WHERE is the celebration that is supposed to accompany the victory of the President? Did his supporters understand the verdict? Are they in such shock that they won that they could not celebrate? Something is wrong, especially with the hinging of all the things about elections on “substantial compliance”.
After labouring through words that sounded so disjointed, oh they were, in 13 hours, the panel birthed “substantial compliance”. The election had been won, as the court pleases.
The Nigeria Labour Congress, NLC, added to the gloom with its two-day warning strike that left the country in darkness. What a day this 6 September 2023! A day to remember in a different September.
Nobody is sure what people were expecting from the judgment which benumbed many. Did that include the supporters of President Bola Ahmed Tinubu who was at a summit in India where we were told investors were tumbling over each other to grab part of the economic package that he shared with the international community?
It was on record that more people slept in court than ever witnessed during a trial. They slept through most of the judgement. The scene was as disturbing as the incoherence of the Chairman of the Presidential Election Petition Panel, Justice Haruna Simon Tsammani, who stumbled through the scripts with startling unfamiliarity. He cut a pitiable sight in his labour.
In a way, the scenes epitomised where Nigeria is. Nobody is bothered any longer with what Nigeria is. Is it a long-lost ambition? We are heading to nowhere. There is no sign of the conclusion of matters that could lead to the improvement of the nation, our people, our communities.
The despondency is obvious. Our songs are dirges. Our poems are elegies. They are rendered in silence expanding the reaches of the depth of the silence.
Lyrics of Sound of Silence, the 1964 classic by Paul Simon and Art Garfunkel relate to 6 September.
_Hello darkness, my old friend_
_I have come to talk with you again_
_Because of a vision softly creeping_
_Left its seeds while I was sleeping_
_And the vision that was planted in my brain_
_Still remains_
_Within the sound of silence_
Simon wrote that song at 21. He was as youthful as our younger populations who made their best investments in the 2023 election. I commend them for taking the result, which the presidential candidate of the Peoples Democratic Party, PDP, Atiku Abubakar has called, “judgement, not justice”, in their stride. The adoption of peace while waiting for the final decision at the Supreme Court is commendable.
All we hear is a dirge of despair and depression about the future. We have moved backward in unimaginable ways. How do we dismiss a national expenditure of N355 billion on BVAS for the election and roll all that back?
Dreams that are in our heads. What do we do with the dreams?
The judgement of the Presidential Election Petition Tribunal, which upheld the election of Tinubu despite evidence of irregularities, manipulation, and violence, raises considerable concerns for the future of law and order. Not left out is the place of justice in our laws. The people expected to get justice at the tribunal.
It was not available. The tribunal could not provide plausible explanations except that it found relief in technicalities that have rendered the Constitution and the Electoral Act ineffectual.
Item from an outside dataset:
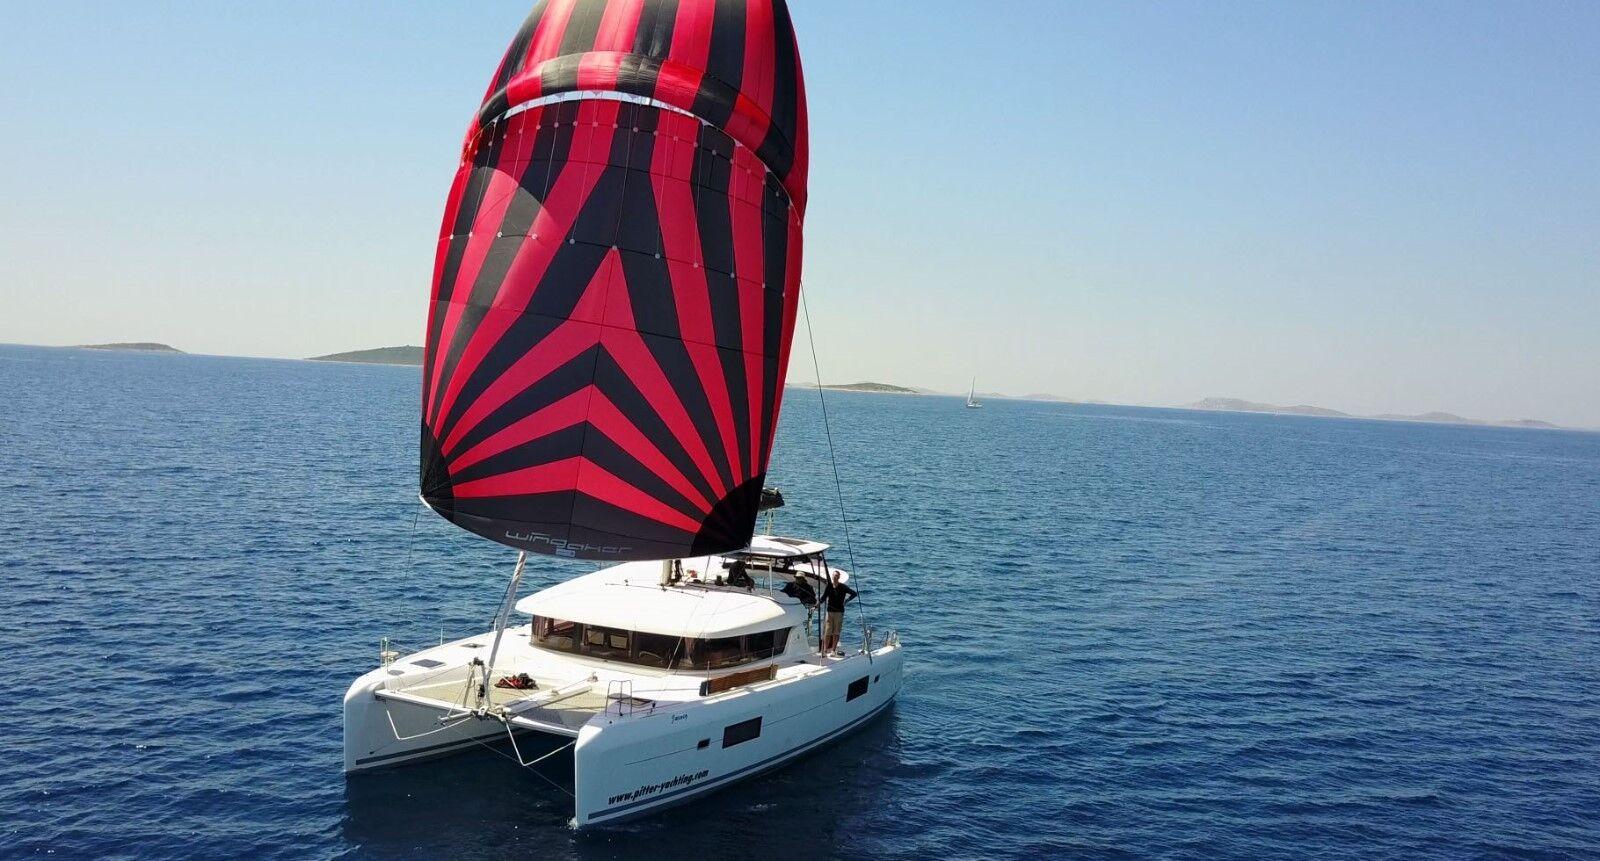 Katamaran- Skippertraining in Sept./Okt. Kroatien + Winter/Kanaren

It drilled into it.
Are we to believe that all the assurances that INEC gave about the elections meant nothing? The panel expertly shredded all the submissions about the infractions in the elections. INEC, a public institution, would not provide electoral materials that the candidates needed for an effective challenge to the poor conduct of the elections.
What is left for us to do in the circumstances? Do we have any recourses? Those are the questions that hurt and haunt Nigerians. They find no satisfying answers.
People have lost hope. Things are so bad that people do not believe the Supreme Court can give a different verdict.
Our laws are the cause of these issues. How does a country operate on “substantial compliance”? What does “substantial compliance” really mean? How can a country run on no standards?
If a country is unable to establish firm standards on which to make its decisions, the country will have lost a foundation on which to exist on a sustainable basis.
“Substantial compliance” means whatever the tribunal says is it. There are no details of what the compliance is.
Violence, suppression of votes, vote buying, and all manners of rigging, are now permitted. What the candidates just have to do is ensure that all these are done in “substantial compliance”.
Nigeria’s adoption of “substantial compliance” as a national standard remains the enthronement of minimalisation of standards, and approval of a country where standards are the least consideration.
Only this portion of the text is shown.